O cheiro sempre foi de podridão




 Ninguém mais nega o cometimento de crimes.

Apenas confia na incapacidade de produção de provas, na lentidão da Justiça.

Por Ricardo Noblat

O olfato talvez seja o menos exigente dos sentidos. Se exposto por tempo suficiente, parece adaptar-se a qualquer cheiro. Bom ou ruim. Embora capaz de captar qualquer odor, ele se adapta e ignora aqueles que lhe trazem desprazer. Ignorar cheiros, muitas vezes resulta em benefícios e conforto.

Por outro lado, talvez tenha sido esta tolerância com os odores emanados do apodrecimento que tenha contribuído para alguns dos maiores problemas contemporâneos. Cheiro, ruim, afinal, é e sempre foi, indicador de que algo precisa ser feito.

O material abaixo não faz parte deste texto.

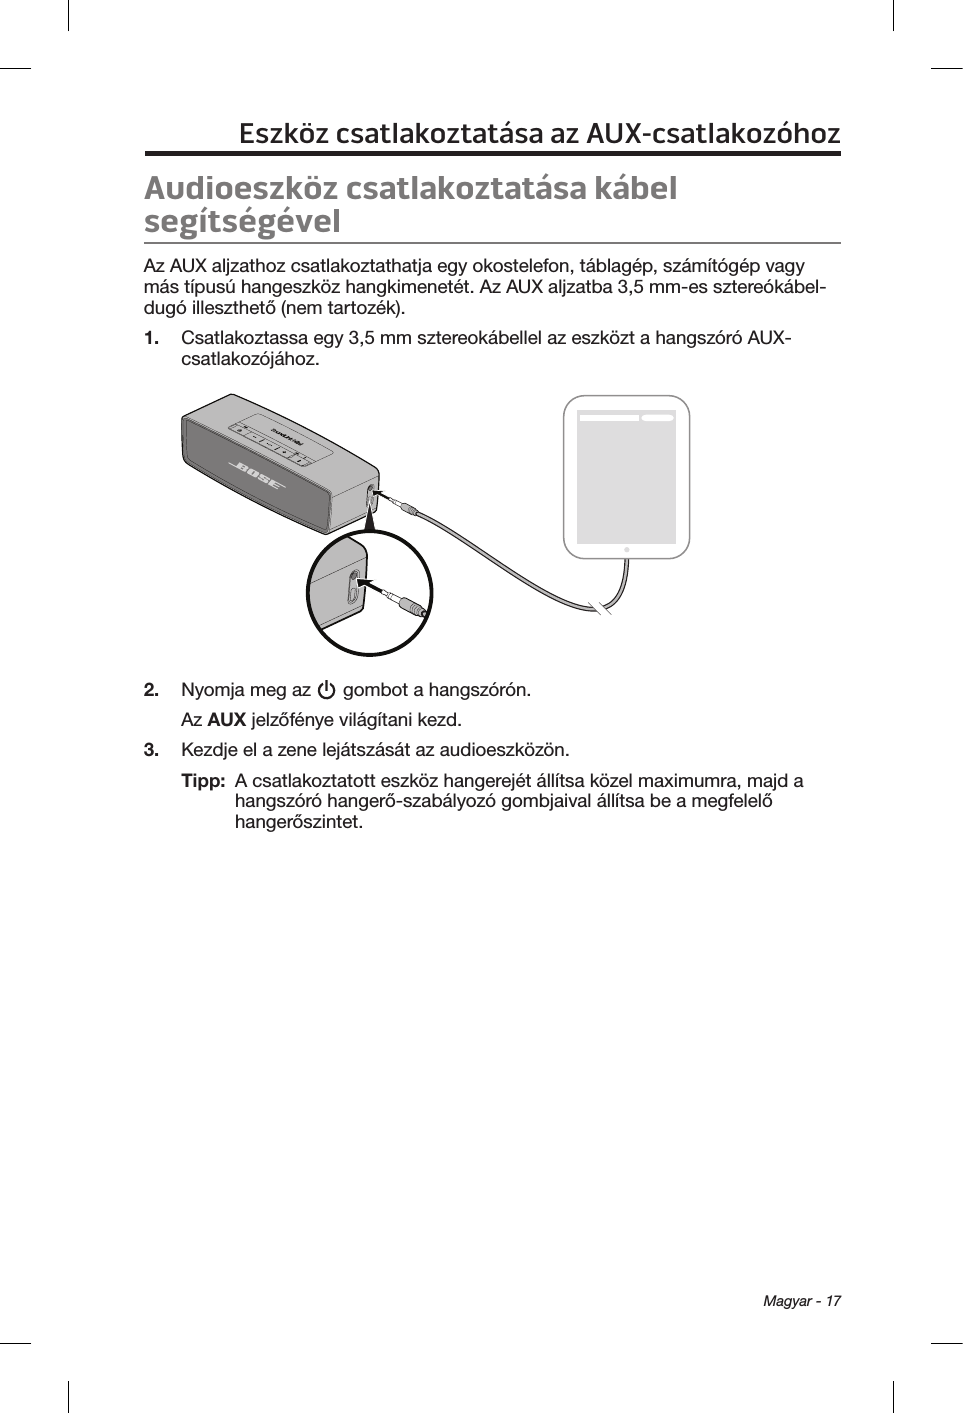  Magyar - 17Eszköz csatlakoztatása az AUX-csatlakozóhozAudioeszköz csatlakoztatása kábel segítségévelAz AUX aljzathoz csatlakoztathatja egy okostelefon, táblagép, számítógép vagy más típusú hangeszköz hangkimenetét. Az AUX aljzatba 3,5 mm-es sztereókábel-dugó illeszthető (nem tartozék).1.  Csatlakoztassa egy 3,5 mm sztereokábellel az eszközt a hangszóró AUX-csatlakozójához.2.  Nyomja meg az   gombot a hangszórón.Az AUX jelzőfénye világítani kezd.3.  Kezdje el a zene lejátszását az audioeszközön.Tipp:   A csatlakoztatott eszköz hangerejét állítsa közel maximumra, majd a hangszóró hangerő-szabályozó gombjaival állítsa be a megfelelő hangerőszintet.

Muito antes de o conhecimento do código penal ser pré-requisito indispensável à leitura dos jornais, a coisa já não cheirava bem. O nariz fez seu trabalho e captou a podridão no tempo e na intensidade certa.

Faltou o cérebro dar a devida atenção aos sinais, obscurecidos que foram pelo desinteresse, a desesperança ou a negligencia. O cheiro sempre foi de podridão. A escolha coletiva foi ignorá-lo. E, ao ignorá-lo, de alguma maneira, contribuir para a aceleração da putrefação.

Faz tempo que inocência e ausência de culpa se divorciaram. Faz tempo que a noção de certo e errado perdeu a relevância. Faz tempo que as conversas, noticias, comentários, artigos giram em torno de entediantes questões técnicas sobre a existência ou não de provas.

Ninguém mais nega o cometimento de crimes. Apenas confia na incapacidade de produção de provas, na lentidão da justiça, ou na simples ausência de interesse do distinto publico.

Já vai longe o tempo em que, pelo menos para consumo externo, o discurso (ao menos) defendia a retidão. A aparência não engana mais. E, para horror de todos, não é mais importante que engane. O olfato, afinal, aceita tudo.

A realidade, entretanto, é dura. Ignorar problemas não é sinônimo de condena-los a inexistência. Tolerar os odores que emanavam da podridão foi um equivoco. Grande equivoco. Que custa caro e cujo tamanho da conta ainda é incerto.

Resta agora um modelo podre. Resto putrefato de ilusões passadas. Carcomido pela tolerância com o erro. Gangrenado pela ausência de valores.

Felizmente, os outros sentidos são menos tolerantes. A visão ainda pode reconhecer os responsáveis. O erros, de tão grandes, de tão evidentes, são palpáveis, concretos, impossíveis de ignorar. Os ouvidos ainda podem captar as vozes, roucas mas gritando, em protesto ao que se vê, se vive, e se comete.

E tudo deixa, de maneira quase permanente, um gosto amargo na boca que todos temos que tragar na esperança de que, um dia, o sabor o futuro reserve uma realidade mais doce.